Dr. Staley draws on his deep experience as a writer, designer, educator, and public intellectual, offering a compelling look at how speculative design can unlock bold innovation. His work bridges the disciplines of history and design at The Ohio State University, and his award-winning futures writing brings a rare clarity to complexity.
Whether you’re in service design, education, or simply curious about where the world is headed, this conversation is a must-listen.
About Our Guest
David J. Staley is Associate Professor of History and (by courtesy) Design at The Ohio State University. He is the author of Alternative Universities: Speculative Design for Innovation in Higher Education, Visionary Histories, and co-author of Knowledge Towns: Colleges and Universities as Talent Magnets.
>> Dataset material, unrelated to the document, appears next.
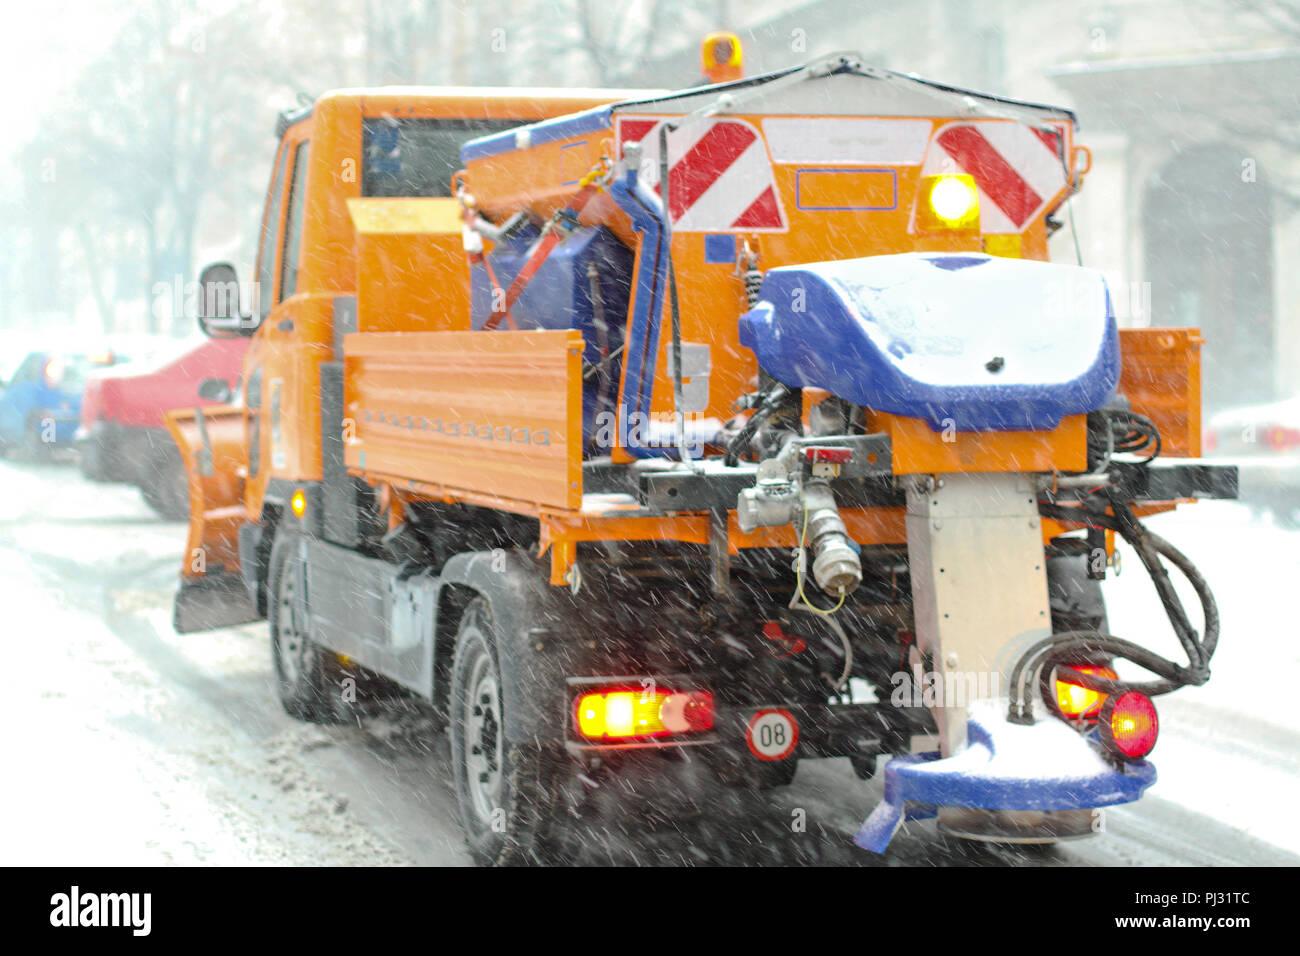 Spreader truck in winter snow blizzard weather - Stock Image

He serves as president of Columbus Futurists, hosts the Voices of Excellence podcast, and writes the “Next” futures column for Columbus Underground—earning him the 2022 Best Freelance Writer award from the Ohio Society of Professional Journalists.
What You’ll Learn
- What “futures thinking” actually looks like in practice
- How service designers can apply foresight to complex systems
- Why uncertainty isn’t something to avoid—but something to design into
- Practical starting points for integrating long-term thinking into your work
Hosted by Darwin Muljono
Darwin Muljono is a Senior Service Designer at Harmonic Design, where he brings systems thinking, critical realism, and design futures to tackle complex, often systemic challenges. With roots in design research and philosophy, his work draws from ecological, sociological, and political-economic perspectives, always grounded in curiosity and an urge to understand the deeper forces shaping the human experience.
On Hello Everybody, Darwin brings that same lens to conversations with thinkers, designers, and researchers, asking big questions and exploring new futures.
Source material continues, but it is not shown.